6 REASONS WHY PROPERTY OWNERS DO REMODELS WITHOUT PERMITS:
- City code is open to interpretation
- Permits are a hassle to get
- Permits cost too much
- Property owners assume that a contractor will get them
- Property owners think they will not get caught
- Remodeling permits may cause delays
The reality is that not getting a permit can come back to haunt you. Consider the following scenarios: the remodel work may not be done to code; insurance might refuse to cover a repair resulting from the illegal remodeling; the governing city might force you to tear down walls in order to meticulously examine the building and materials; and the city will assess penalties for non-compliance that are far more expensive than the original permit(s). In addition, there could be problems with selling your property because banks won’t loan money to buyers for homes that do not pass code inspections. As they say, it is easier to do things right the first time than to have to do them over again.

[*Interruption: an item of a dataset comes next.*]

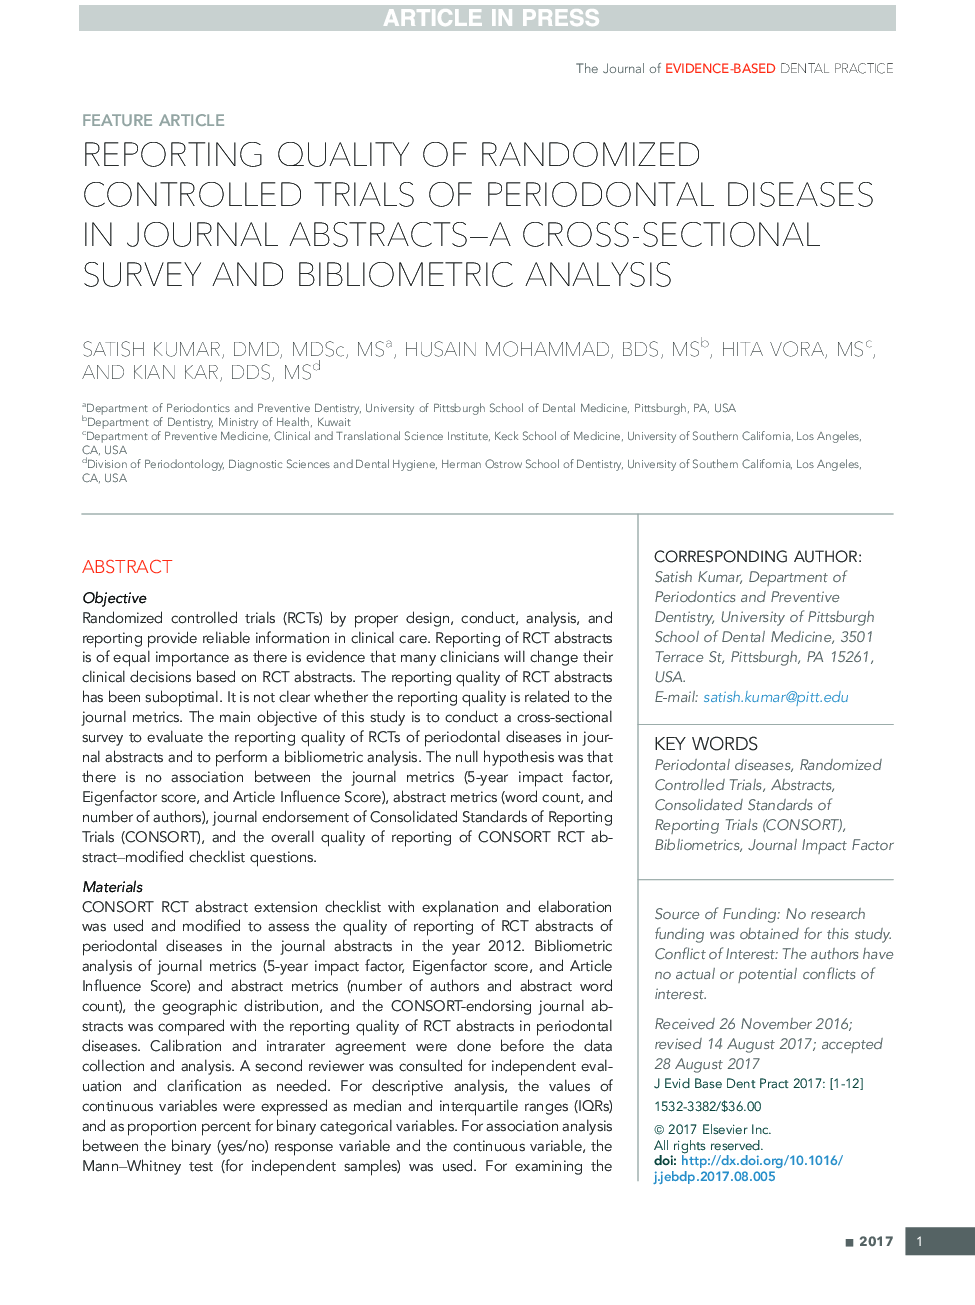 کیفیت گزارشدهی تصادفی کنترل شده بیماری های پریودنتال در خلاصه های نشریات - مقطعی، مقطعی و تحلیل کتابشناختی 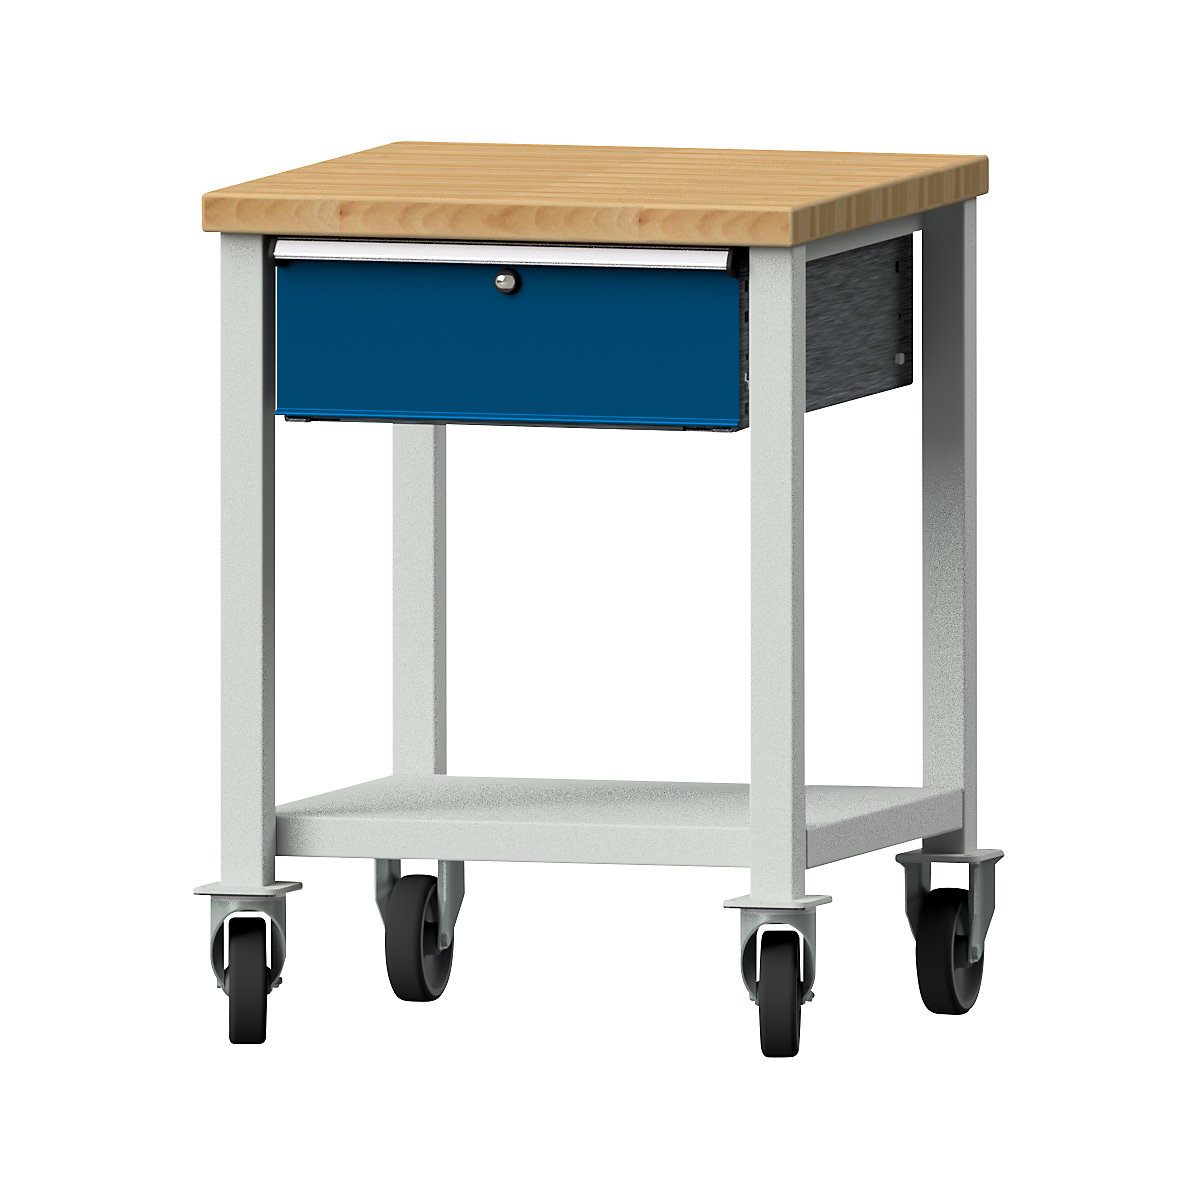 Kompaktowy stół warsztatowy – ANKE, szer. x głęb. 605 x 650 mm, 1 szuflada, ruchomy-6

Renovation and expansion inspections are performed to ensure compliance with local building code requirements. The improvements that will more than likely require a permit are those that could create unsafe working conditions or change the actual structure of a property.
IMPROVEMENTS THAT WILL REQUIRE A PERMIT:
- Adding or removing walls
- Changing the function of a room
- Changing the layout
- Changing the piping
- Demolishing part of the property
- Foundation work
- Home or commercial additions
- Updates/changes to doors and windows
- Updates/changes to electrical systems
- Updates/changes to fireplace and chimney
- Updates/changes to HVAC
- Updates/changes to plumbing
- Updates/changes to sewer systems
- Wall removal
IMPROVEMENTS THAT DON’T TYPICALLY REQUIRE A PERMIT:
- Adding a small fence
- Adding kitchen cabinets
- Installing floor coverings
- Installing new siding
- Repaving your driveway
- Replacing certain appliances
- Replacing countertops
The Permit Process
For guidance on the permit process, it would be wise to consult a contractor, structural engineer, or anyone with a background in remodeling or construction. Some contractors can pull permits for you; but make sure you discuss and agree to it beforehand. Just keep in mind that the person who pulls the permits will be responsible for ensuring that the work is done legally and correctly. The person who applies for the permits may also have to provide drawings when submitting plans.
The length of time it takes to get permits from local municipal governments can vary. Some areas will approve them the same day, so long as they are simple projects like fences or small remodels. Permits for larger projects, such as structural alterations and/or additions, can take longer depending on how much change is going to happen to the footprint of the property
Also, remember that most permits require the work to be started, not finished, within six months. If you are not able to begin within that timeframe, you will need to ask for an extension. Once the legal home improvement is complete, expect a final inspection and approval to follow. Don’t forget to ask for copies of all the documents that were submitted and returned for your permit approval.